The core argument, borrowed from Cummings himself, but repeated and amplified here is based on a sleight of hand. The diagnosis is at a grand scale – it is the state capacity of liberal democracies, their systems of governance and their political institutions which are not up to the challenge of addressing crises, tested against the slightly unlikely standard set by the Chinese Communist Party. But the solution is a much narrower one: “drastic reform of the state bureaucracy, perhaps on a decentralised model that severs the dead hand of Whitehall.” The problem with that is not that the civil services has already reached a state of perfection – it is very far from that. It is that the civil service, big and complex as it is, is only part of a much wider system, which Cummings and his apologists seem determined to ignore.

There is indeed a crisis of governance in the UK. If we address that crisis, we may end up with a better civil service. But if we try to fix the civil service, there is no chance that that will solve the crisis of governance.

Social and economic change Systems

We need new operating systems. Whose job is that?

Alastair Parvin

This is not a post about operating systems, in the obvious sense.

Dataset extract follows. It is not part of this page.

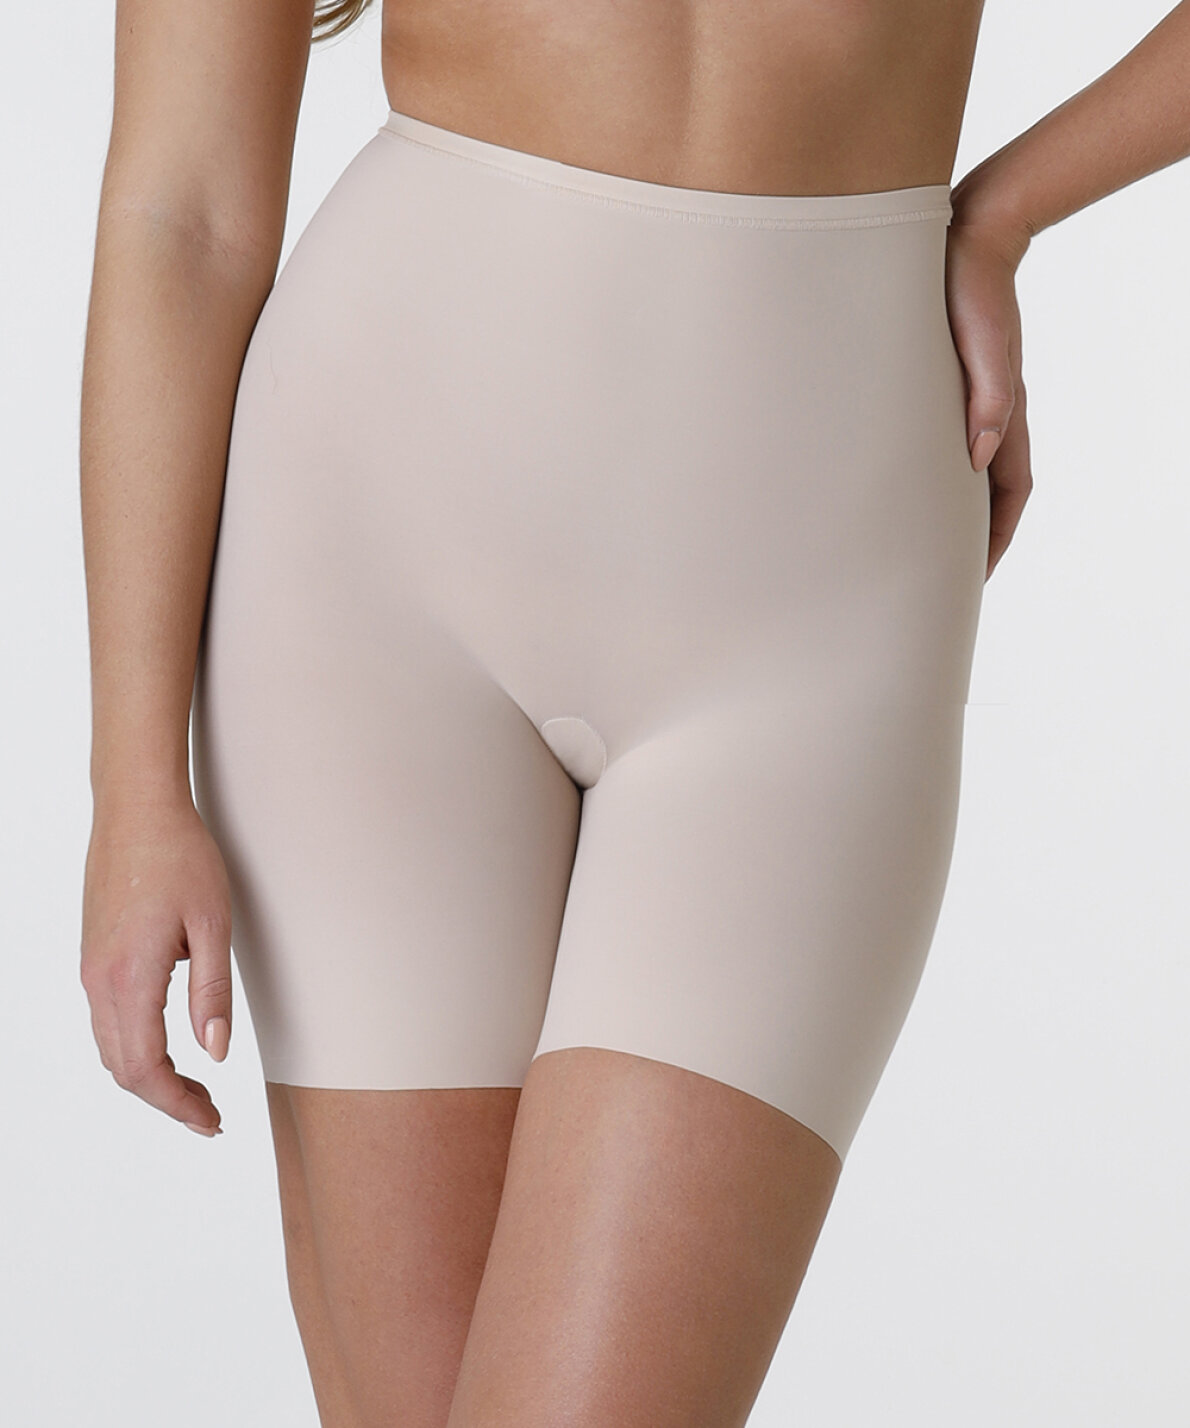 https://www.wunderwear.dk/shared/90/684/maidenform-sleek-smoothers-thigh-slimmer_1190x1428c.jpg

It might be better described as a post reflecting on Marx’s early view that the base determines the superstructure, so that to achieve deep change your intervention needs to bite deep into the system. Many of our component systems are deeply rooted in the circumstances of their creation and evolution, they are solutions to the problems of their time which may not be our problems. But they are neither easy to change nor perhaps even easy to recognise for what they are. This post describes a clear problem, a future post offers the promise of an approach to answering it.

Curation

Strategically writing

Strategic Reading has been quiet for the last eight months. There was no particular reason why it stopped, and there is now no particular reason why it is starting again – but starting again it is, continuing much as it did when it left off. The one difference is that a very large backlog has built up of things flagged for inclusion during the hiatus, so for a while there may be a slightly more retrospective feel as some of the pieces which still seem fresh and pertinent get added to the mix of largely more current things.